## What you have to do
When you write out the listing, keep each word exactly as it stands but include none of its images.

## Data excerpt
☆ ☆ ☆ ☆ ☆ ☆ ☆

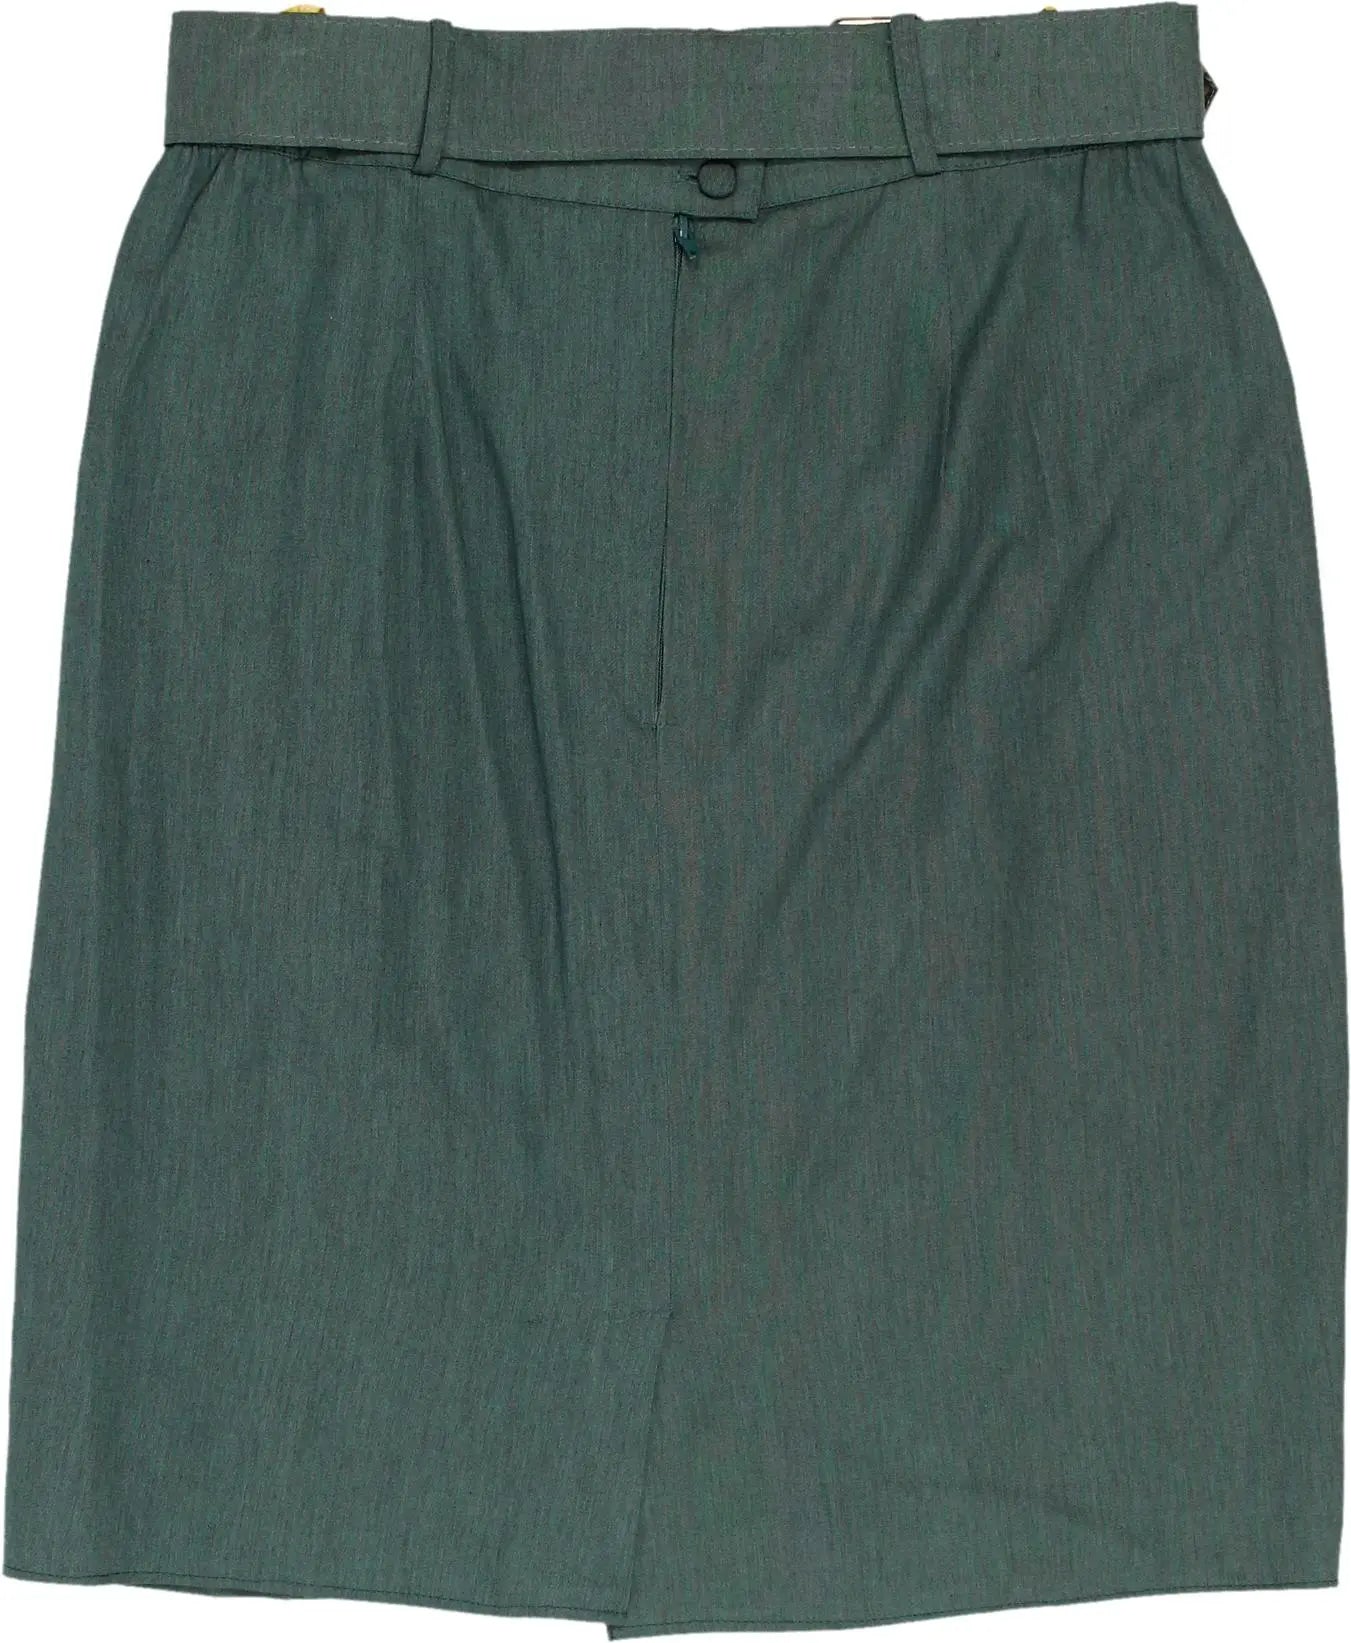 Miss Etam - Skirt- ThriftTale.com - Vintage and second handclothing
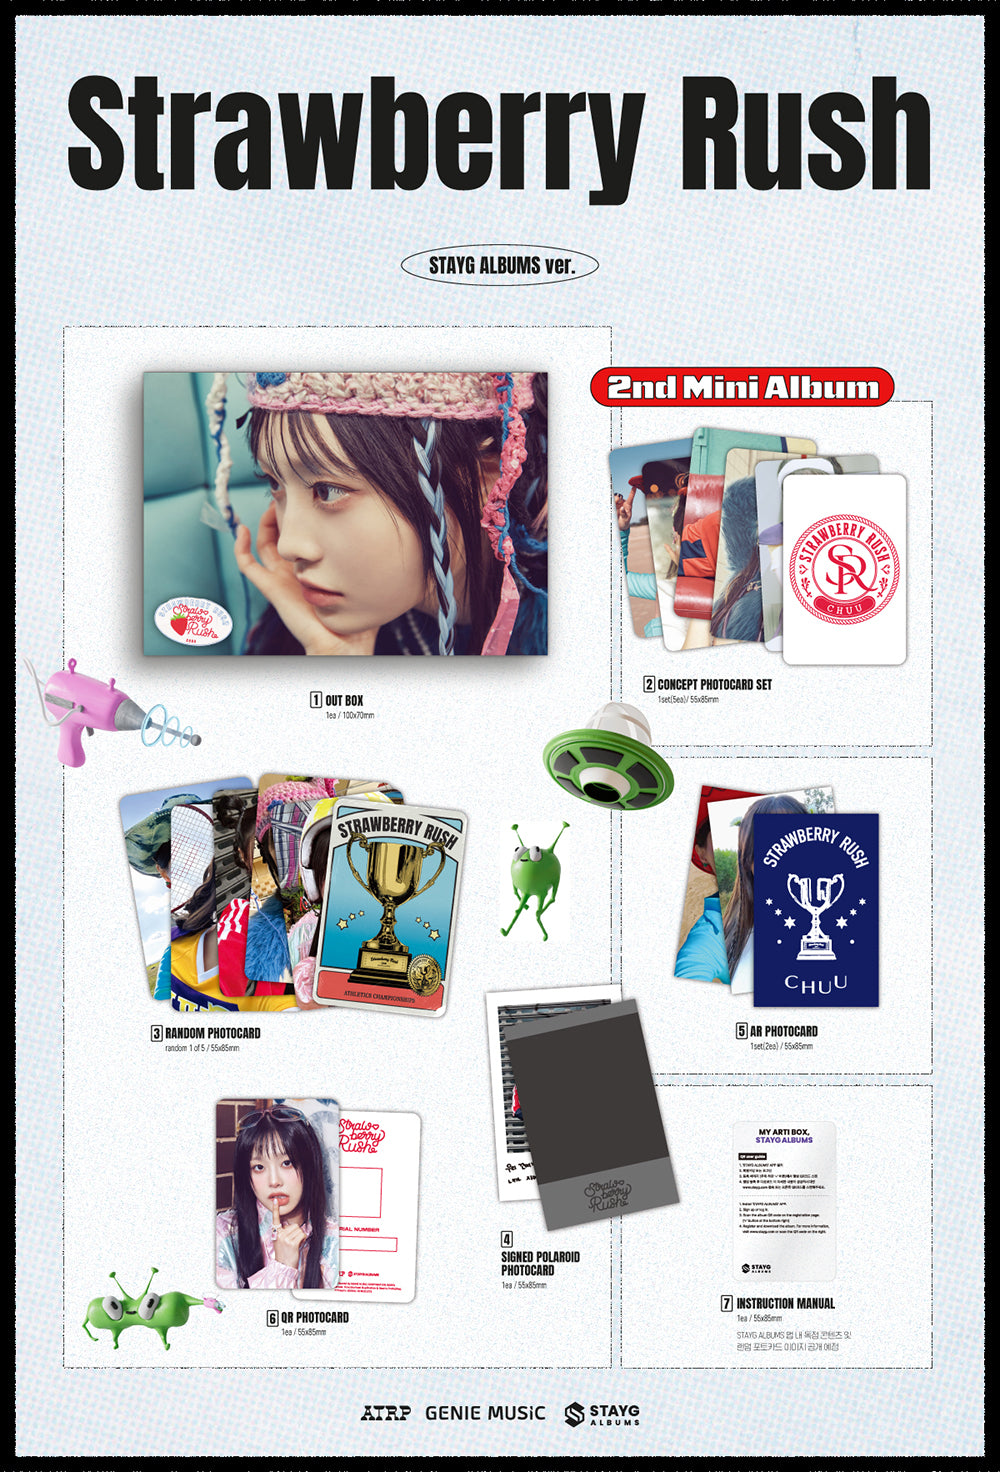 Chuu 2nd Mini Album Strawberry Rush - STAYG Albums Version Inclusions: Out Box, QR Photocard, Concept Photocard Set, Random Photocard, Signed Polaroid Photocard, AR Photocard Set, Instruction Manual
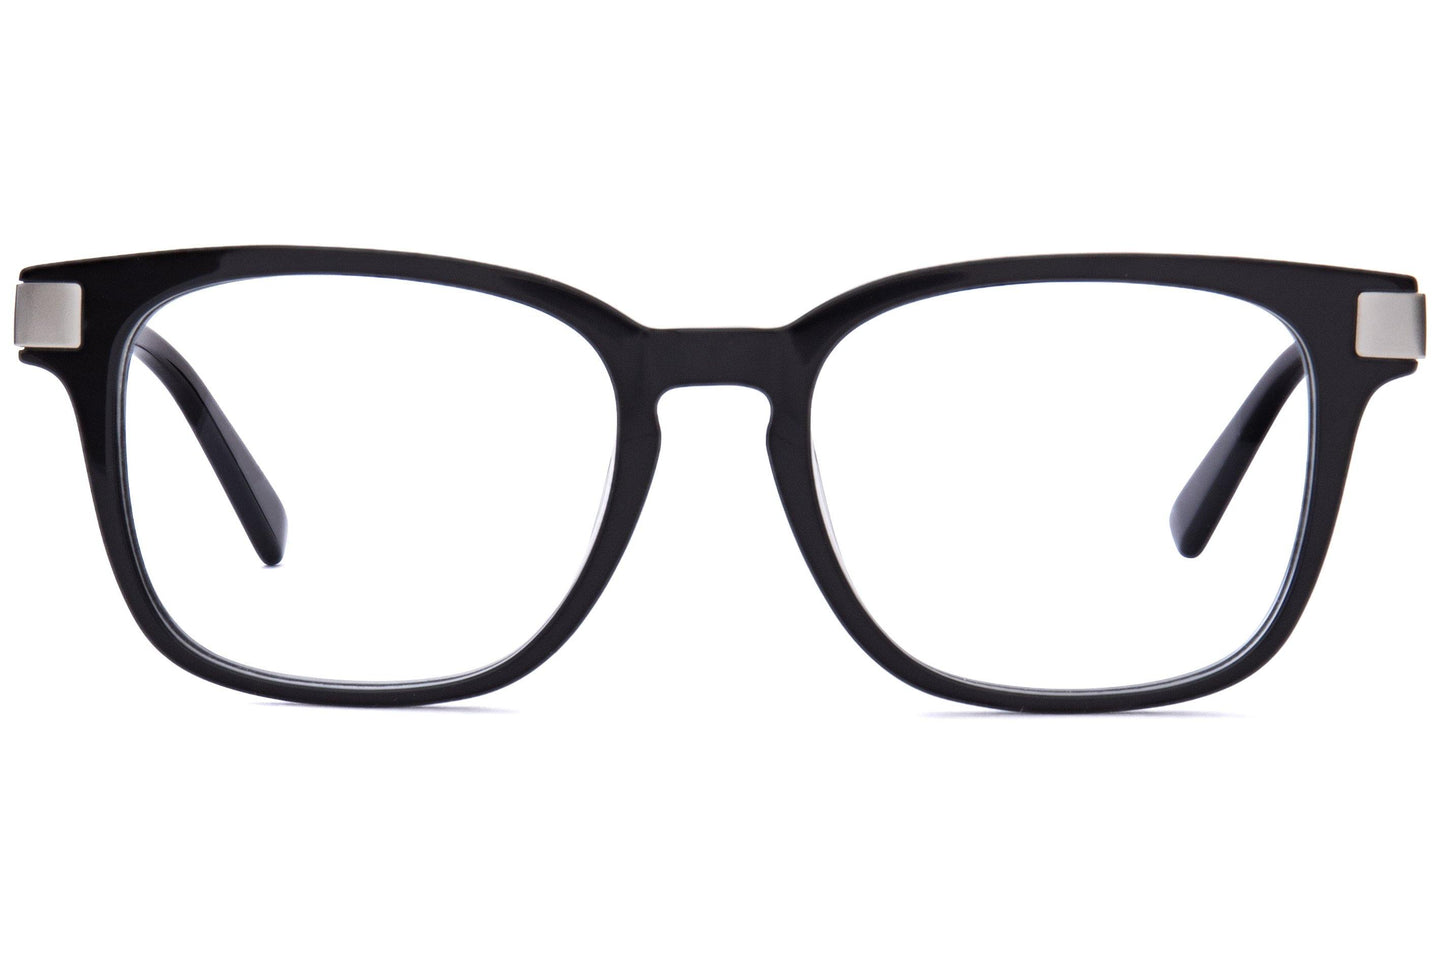 Fitzroy | Baxter Phillips | Fashionable Prescription Eyewear
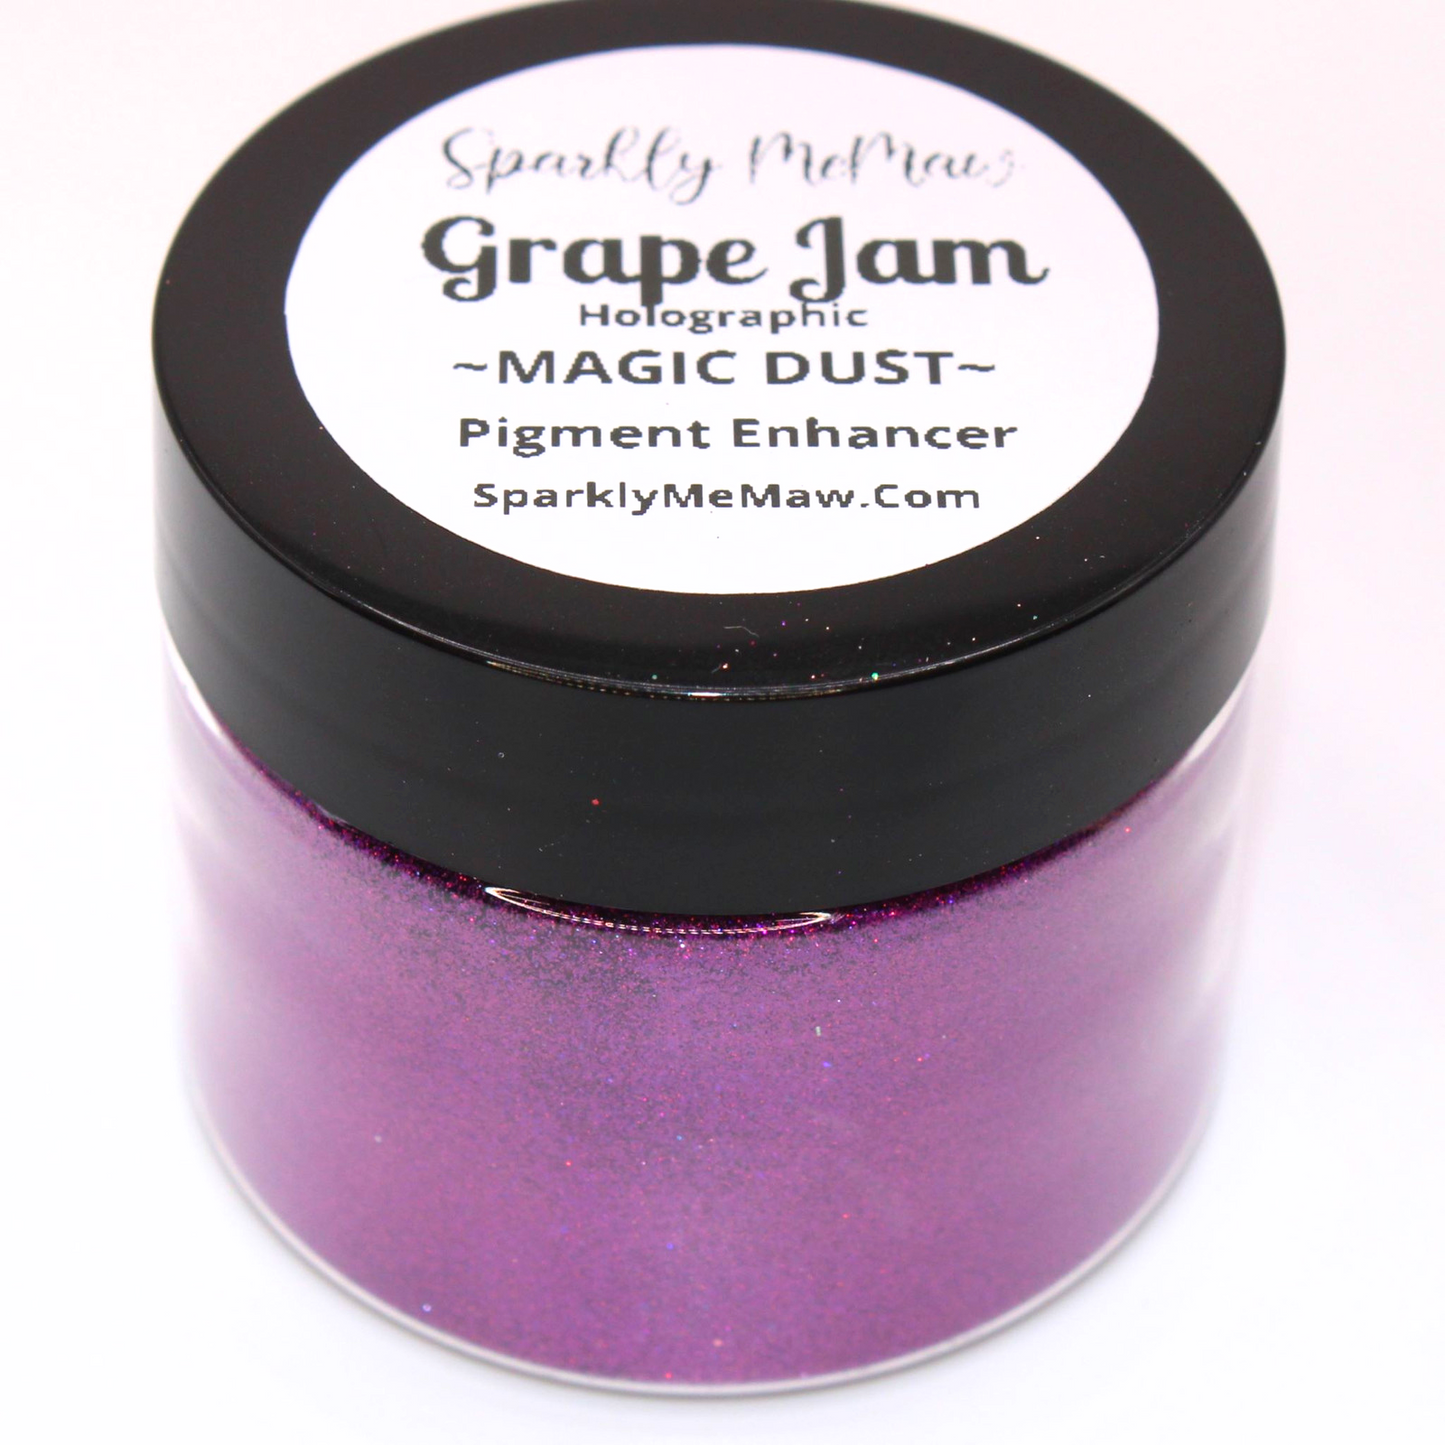 Grape Jam "MeMaws' Magic Dust" Pigment Enhancer

☆ ☆ ☆ ☆ ☆ ☆ ☆

## Response below
 Miss Etam - Skirt- ThriftTale.com - Vintage and second handclothing
 Chuu 2nd Mini Album Strawberry Rush - STAYG Albums Version Inclusions: Out Box, QR Photocard, Concept Photocard Set, Random Photocard, Signed Polaroid Photocard, AR Photocard Set, Instruction Manual
 Fitzroy | Baxter Phillips | Fashionable Prescription Eyewear
 Grape Jam "MeMaws' Magic Dust" Pigment Enhancer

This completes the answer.